Post-compromise security (PCS) is provided between epochs by the
client or server regularly updating their leaf key in the MLS ratchet
tree. Updating their leaf key prevents shared secrets from
continuing to be encrypted to public keys whose private keys had
previously been compromised.
Note that a client or server sending an update of the keying material
for their LeafNode does not achieve PCS until the peer processes the
MLS Commit. That is, the PCS guarantees come into effect when the
peer processes the relevant Commit, not when the sender creates it.
This specification makes use of the two-party profile for MLS that is
defined in [I-D.kohbrok-mls-two-party-profile].
4. Extension Overview
This section provides a brief overview of the
"tls_using_mls_handshake" extension.
The client includes the "tls_using_mls_handshake" extension in the
ClientHello message.
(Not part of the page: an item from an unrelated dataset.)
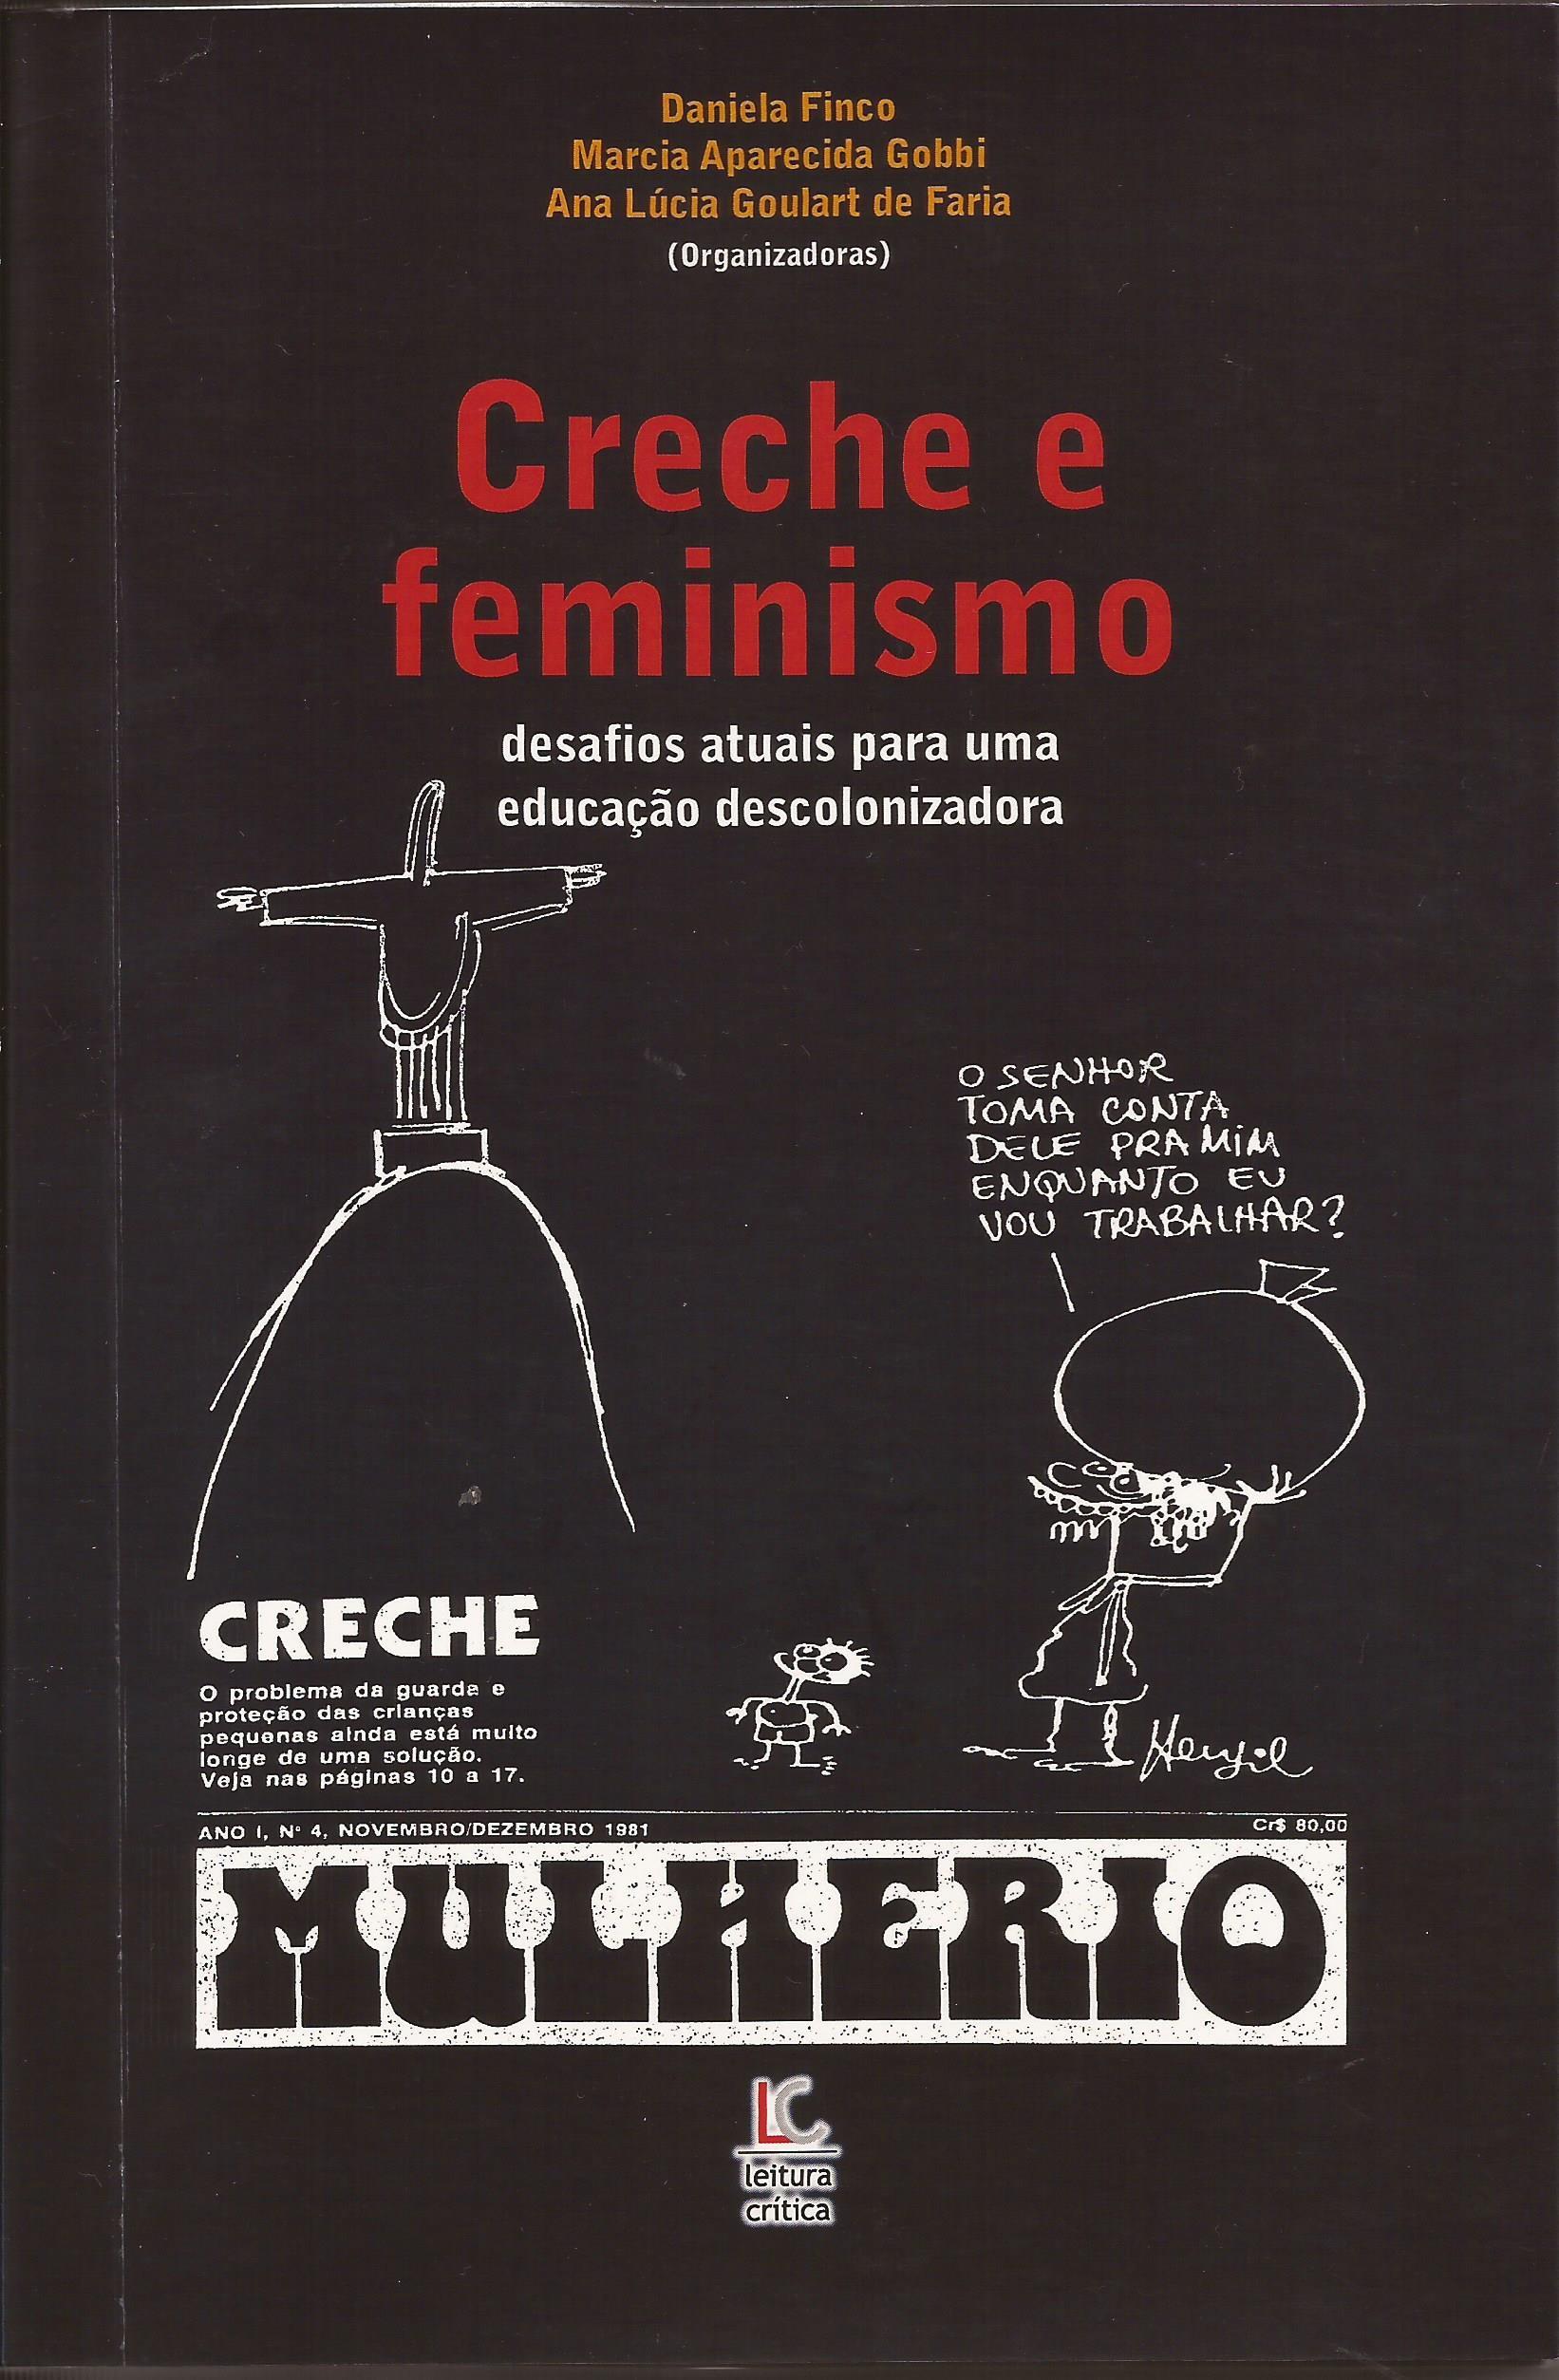 Creche e feminismo – desafios atuais para um educação descolonizadora.

The "tls_using_mls_handshake" extension MUST
contain the client KeyPackage.
If the client includes both the "tls_using_mls_handshake" extension
and the "early_data" extension, then the server MUST terminate the
connection with an "illegal_parameter" alert.
If the server is willing to use MLS to establish the shared secret,
then the server includes the "tls_using_mls_handshake" extension in
the ServerHello message. The "tls_using_mls_handshake" extension
MUST contain the Welcome message created by the server using the
client KeyPackage.
When the "tls_using_mls_handshake" extension is successfully
negotiated, the TLS 1.3 key schedule processing depends on the shared
secret produced by the MLS ratchet tree and MLS key schedule.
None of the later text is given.